GREY:SCSZF - Post by User

Comment by puntabeachon Nov 30, 2012 3:12pm
167 Views
Post# 20668338

RE: RE: 2P RESERVES

RE: RE: 2P RESERVES

U are definitely a politician who is also IN DENIAL as you keep misleading !

1) Even with Reliable, you MISLEAD and you ignore the BASICS as CPG paid 100K although it was a MINOR producer of 1,000 boepd. Read carefully :

"The company is acquiring Reliable Energy for shares (0.00794 of a Crescent Point share for each Reliable share) in a deal valued at $103.9 million (CPG already owned 12.8% of Reliable so the incremental value is $99.1 million including net debt).

Reliable produces approximately 1,000 BOE/d of predominantly light oil from theBakken and Torquay formations in Manitoba and has more than 135 net sections of land (total value deal metrics of $103,900 per BOE/d and $25.34 per 2P BOE of internally evaluated reserves are accretive). Closing is forecast on or about May 1, 2012."

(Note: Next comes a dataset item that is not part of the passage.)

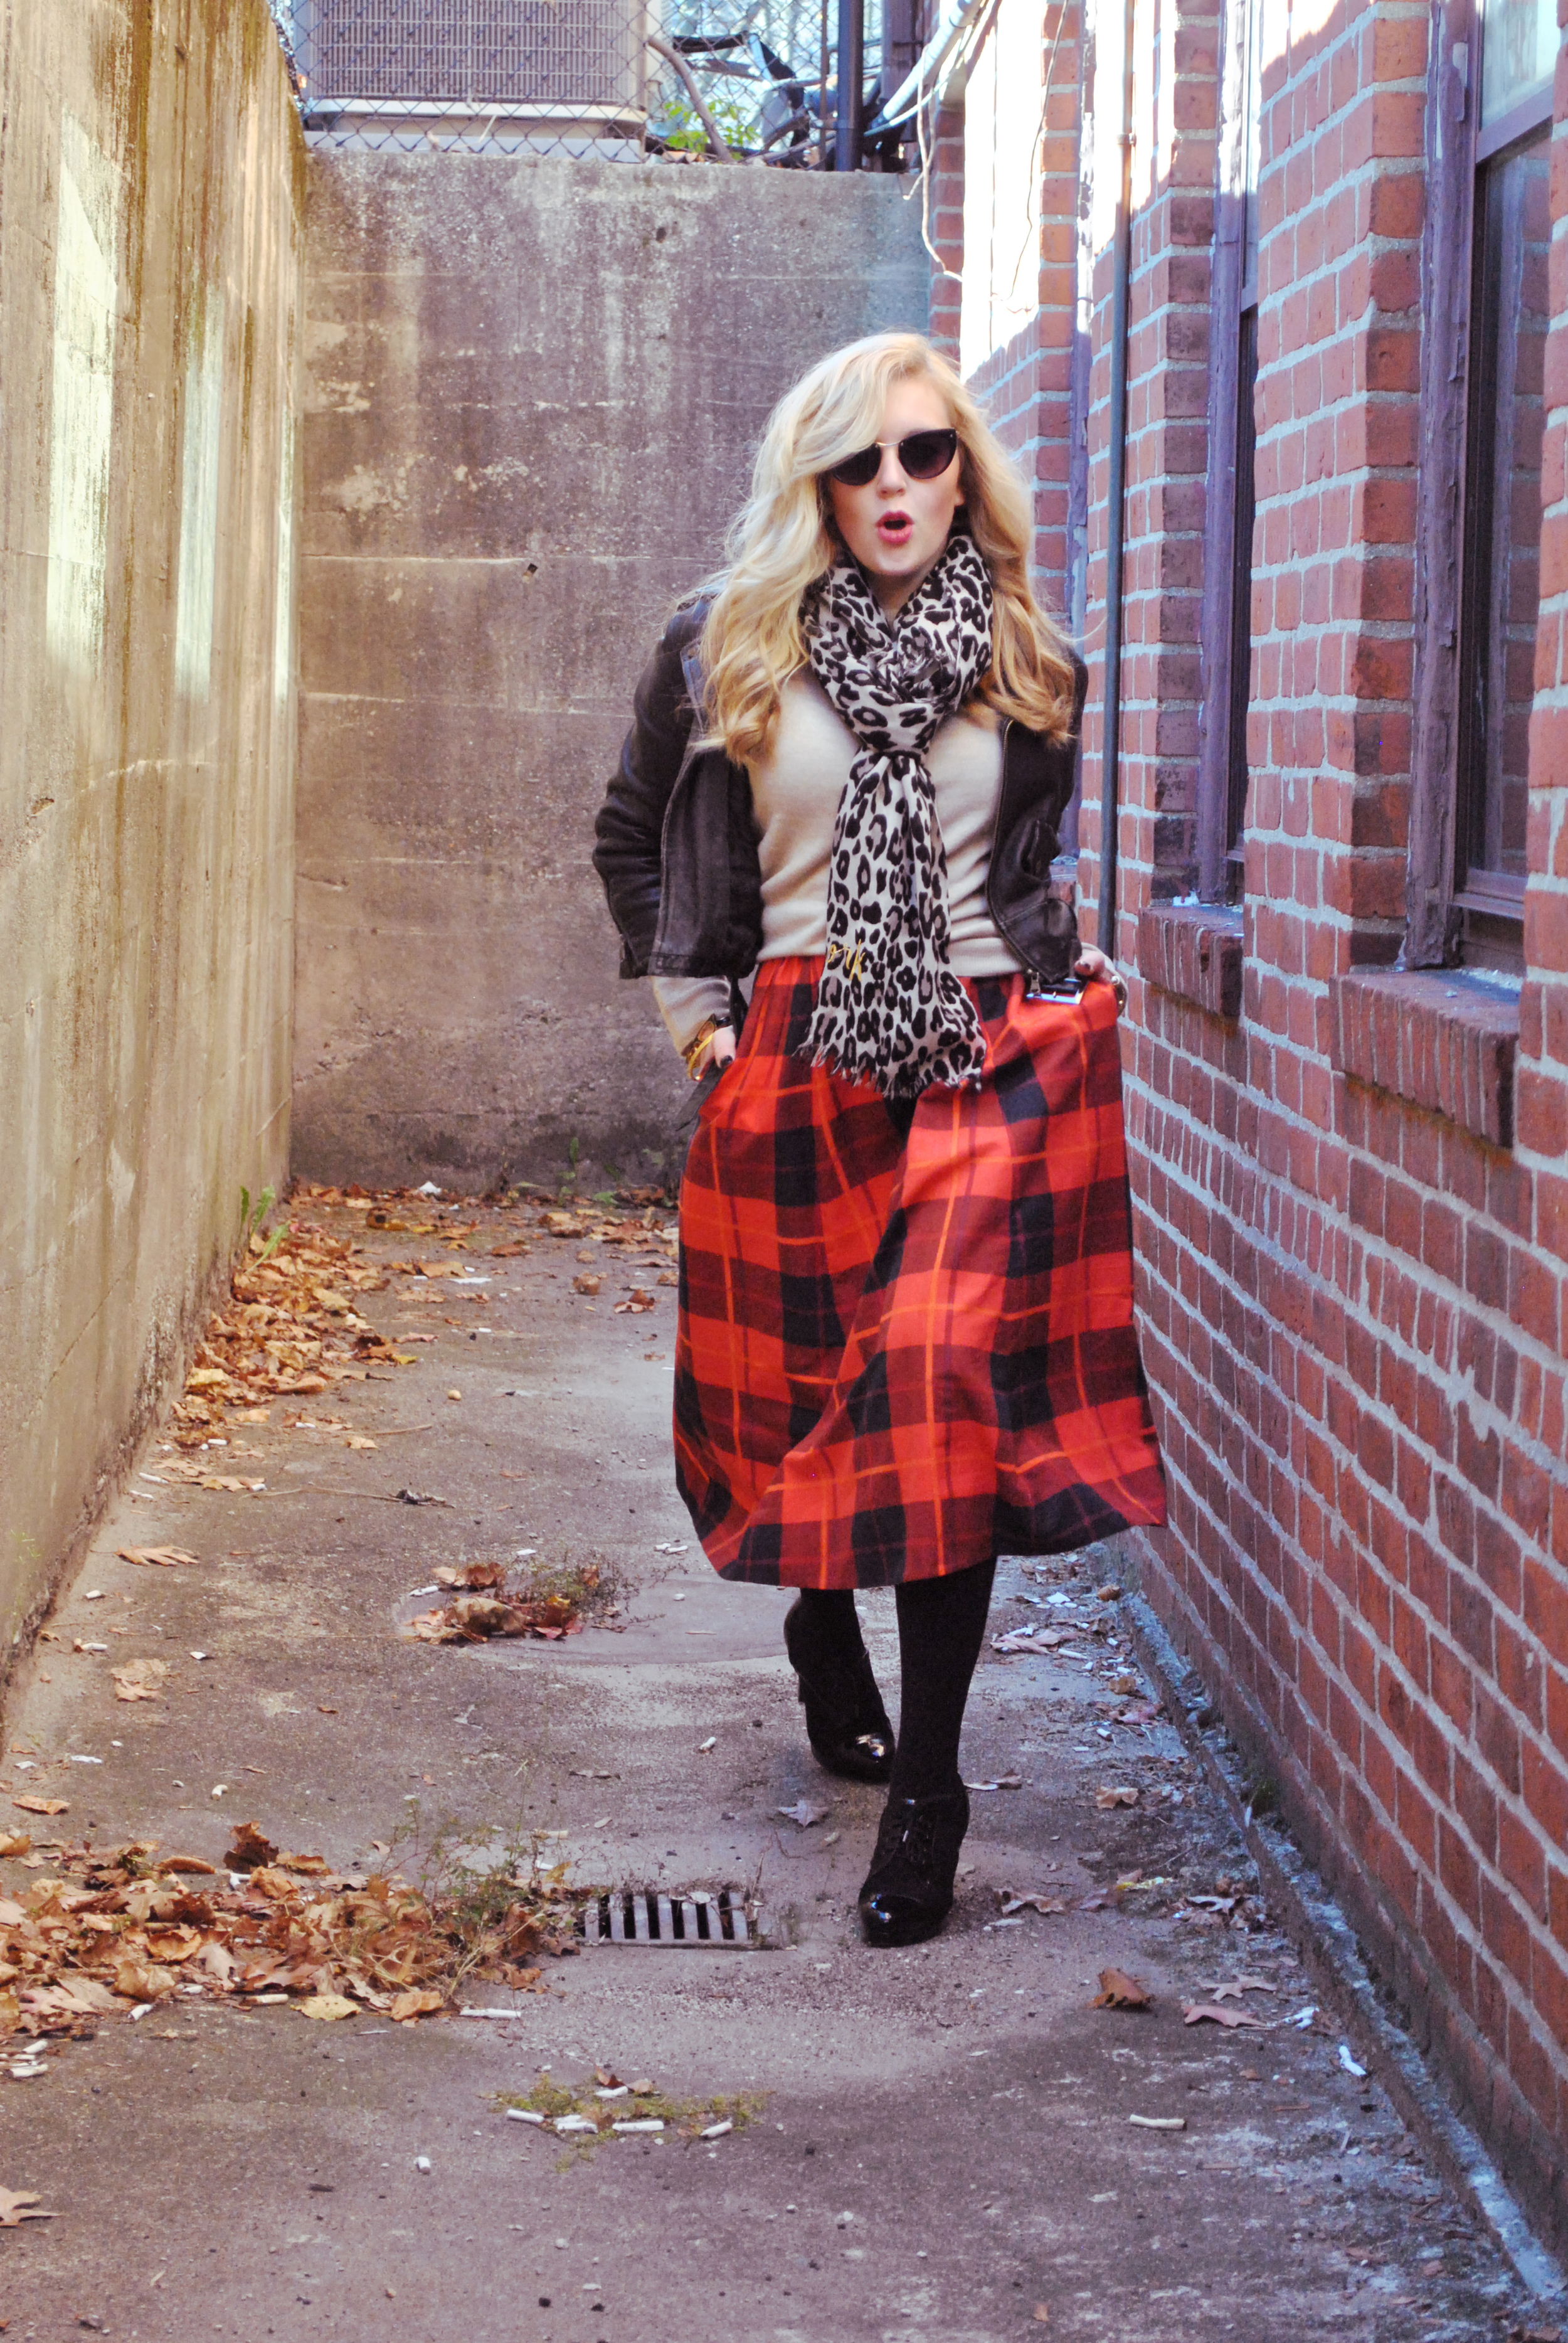 thoughtfulwish | kate spade // plaid skirt // camel // moto jacket // leopard print scarf // preppy outfit // rocker outfit

so it will be a WASTE OF TIME to PROVE YOU WRONG FURTHER as you clearly HAVE NO IDEA what you talk about.....As I have few more minutes, I will do it though....

U must work for CPG or PGH which also wants to acquire SCS.

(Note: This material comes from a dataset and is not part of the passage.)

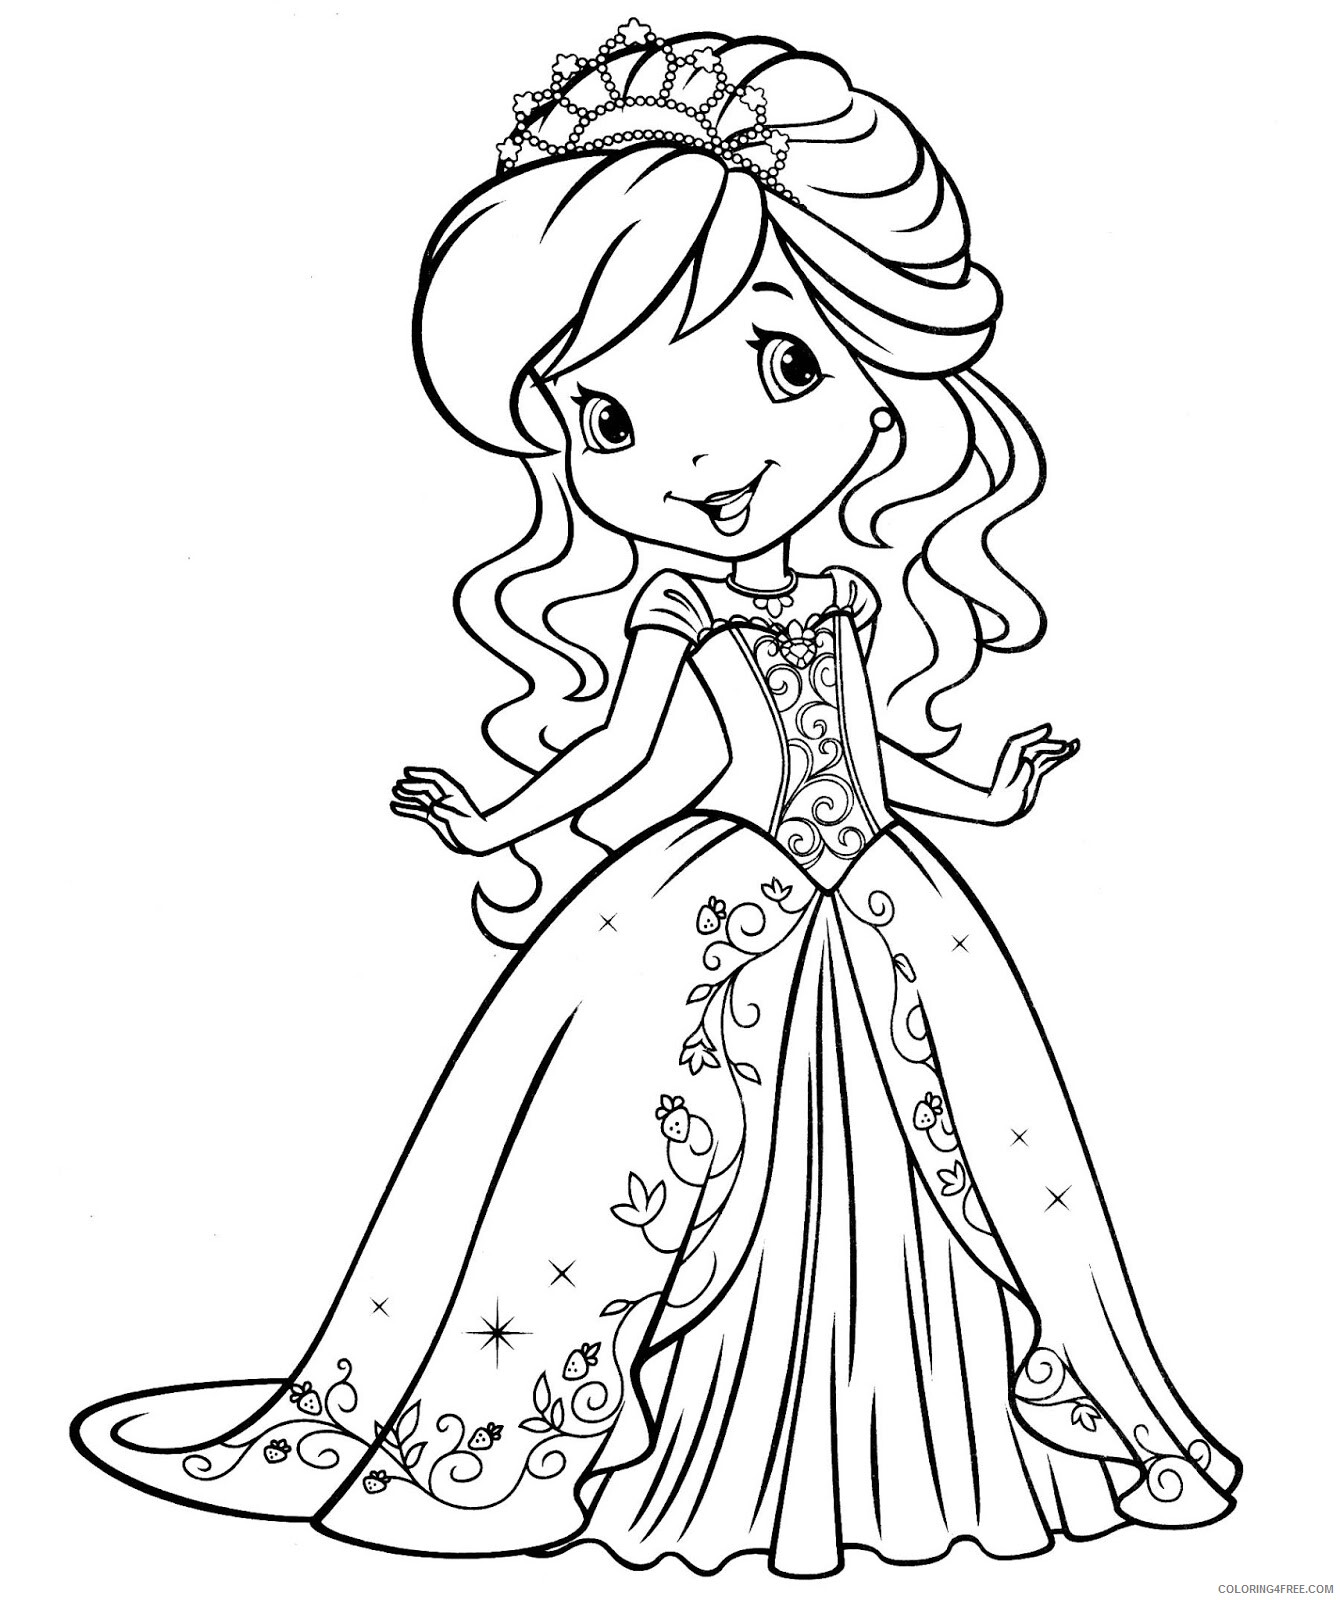 Girl Coloring Pages For Girls Cute For Girls Printable 2021 0542 Coloring4free Coloring4free Com

2) 2P Reserves will move close to 20 MMboe once the NEW report is out in early capturing all the drilling success of H1 2012. Do your math (20$/mboe) to find how much the EV must be once the new 2P Reserves Report is out SOON......fyi, it will be almost $400M.

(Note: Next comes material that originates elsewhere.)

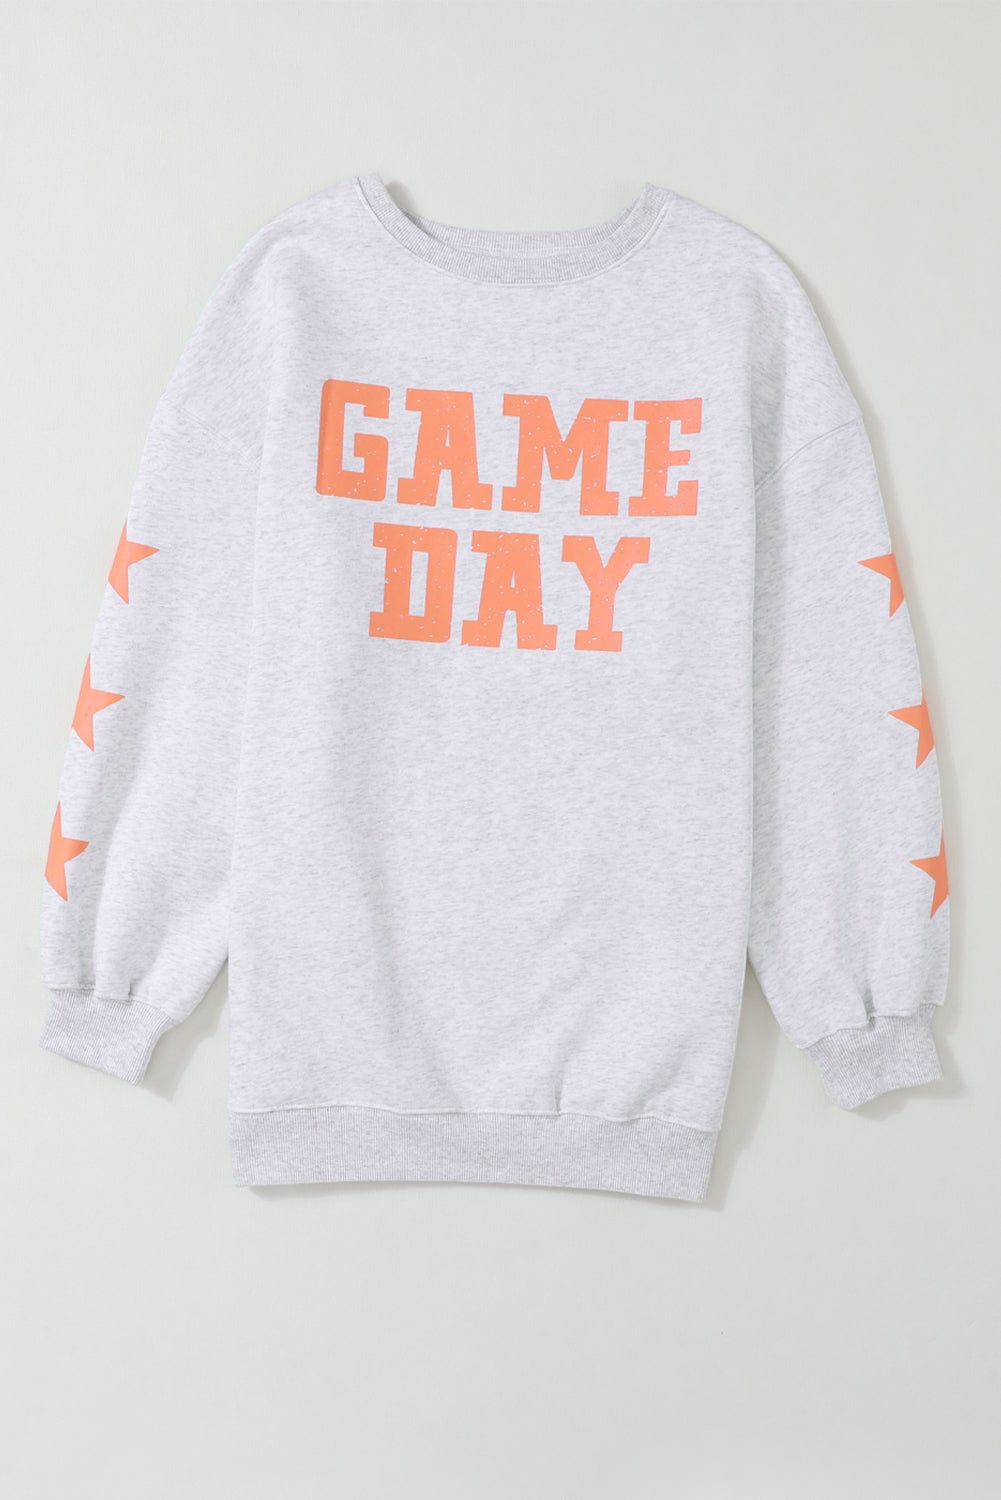 The802Gypsy  Tops Traveling Gypsy Jake Game Day Graphic Sweatshirt

3) ALL the companies PROMOTE their IP-24 hours and IP-10 days although you ignore it:

SCS has IP-10 days higher than 2,000 boepd when PRY and LEG have IP-10 of 500 boepd but you ignore it too.

SCS also is very clear with the rest which is AGAIN ON TOP IP-30, IP-60, IP-90 of the LIST:

Second Wave now has a total of 35 gross (16.4 net) Beaverhill Lake light oil wells in Judy Creek with average approximate 30-day initial production ("IP"), 60-day IP and 90-day IP light oil rates per well of 500 bbl/d, 283 bbl/d and 219 bbl/d, respectively.

These IP rates are simply AMAZING and they are WAY HIGHER than the ones of ARCAN and LEGACY and PINECREST and TRIOIL etc. etc. if you have a single idea about all these oil players.

4) SCS stated it clearly. NO DRILLING in Q3 and the drilling starts again in Q4. This is why the production dropped in Q3. The curve declines are ALMOST THE SAME for all the oil players in Canada except the heavy oil ones.

CARDIUM oil producers experience the same curves but their IP rates are MUCH MUCH LOWER than BHL wells.

You definitely need some education on the basics !

5) SCS operating costs will lower significantly once the pipelines connection and the electrification is done by year end. SCS stated it clearly in Q2 report too.

6) Bank debt = 87M.

The rest 15M is debt to BAM which is the largest holder.

EOM

because U ARE A WASTE OF MY PRECIOUS TIME.